Alabama man charged in triple killing ruled competent for trial

Published 1:14 pm Tuesday, June 8, 2021

A man accused of killing two women and a child in a case that prompted a $1 million payment by the state was ruled mentally competent to stand trial on capital murder charges, news outlets reported Tuesday.

While the defense had raised questions about the mental health of Jimmy O’Neal Spencer, Marshall County Circuit Judge Tim Riley ordered his trial to begin Jan. 10.

Earlier, Riley had ordered a psychological screening for Spencer, 55, after his lawyers said they had reason to suspect he was mentally ill.

Spencer has pleaded not guilty in the July 2018 deaths of Marie Martin, 74; her 7-year-old great-grandson Colton Lee; and Martha Reliford, 65, a neighbor of Martin.
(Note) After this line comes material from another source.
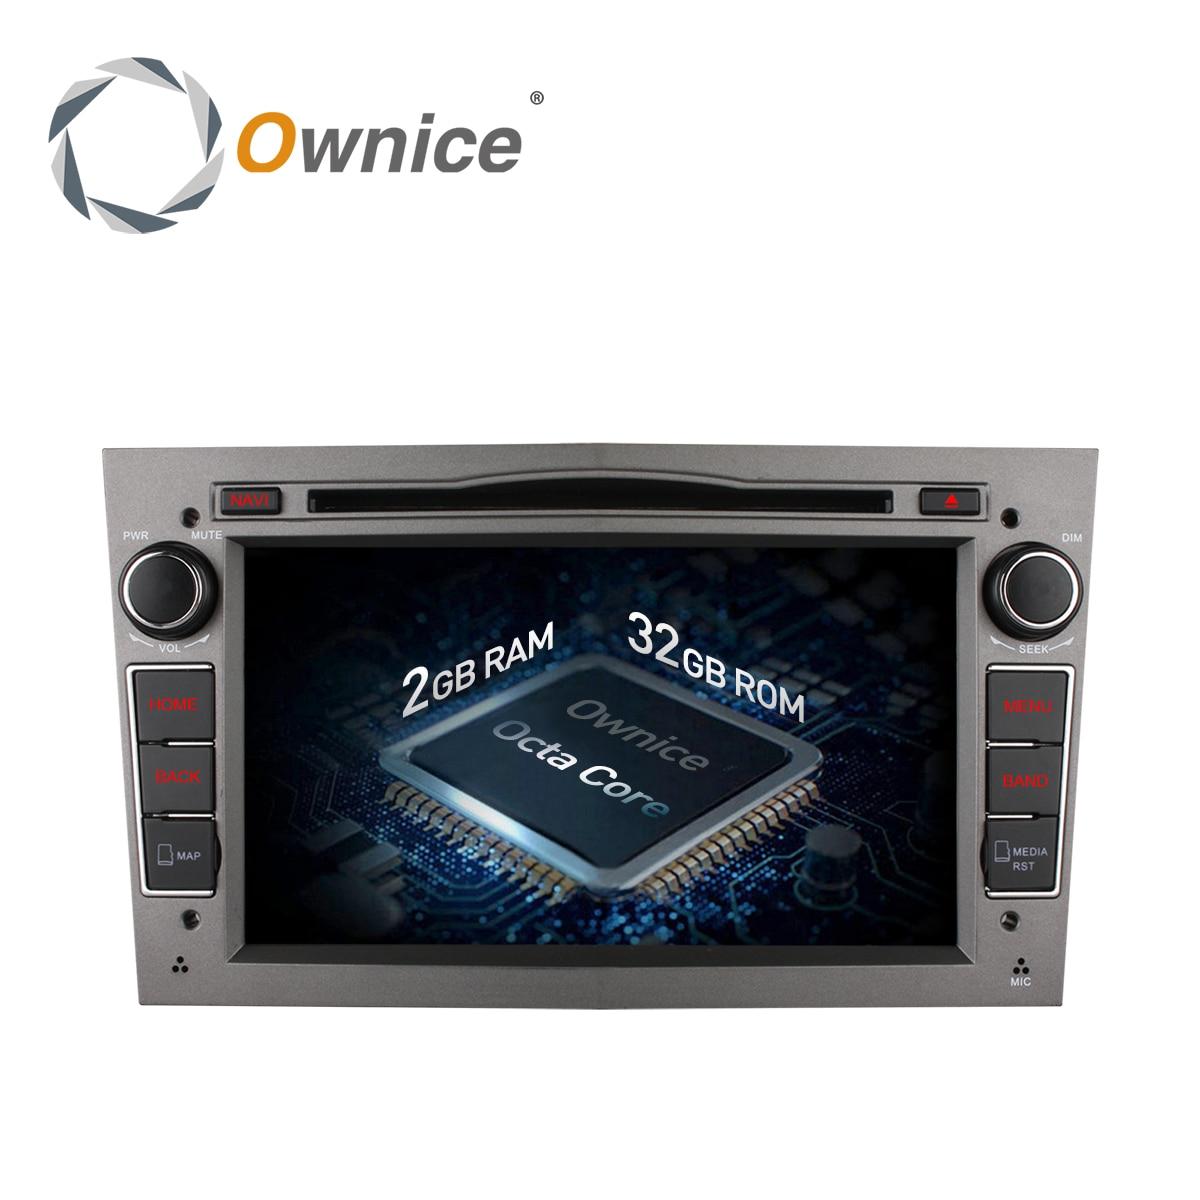 imágenes para Ownice C500 Octa Core Android 6.0 32G ROM GPS Coches Reproductor de DVD para Vauxhall Opel VECTRA ZAFIRA Antara Astra H G J Soporte 4G LTE

Martin was stabbed and strangled and the child died from blunt force trauma; Reliford was struck with a hatchet and stabbed days earlier.

The state agreed to pay a $1 million settlement to the victims’ families, who contended Spencer was wrongly released from prison before the killings.

Initially sent to prison in the 1980s on multiple convictions, Spencer was granted parole and released in January 2018, authorities said. He was supposed to say at a halfway house in Birmingham for six months but left after a few weeks.

Spencer wound up in the north Alabama city of Guntersville, where he had several run-ins with law enforcement before the slayings. Afterward, Gov. Kay Ivey temporarily suspended state paroles and replaced the parole board chairman, partly in response to the killings.

A steep decline in inmate releases followed Spencer’s arrest once the parole process resumed, and lawmakers approved legislation that made the chair of the Alabama Board of Pardons and Paroles a gubernatorial appointee.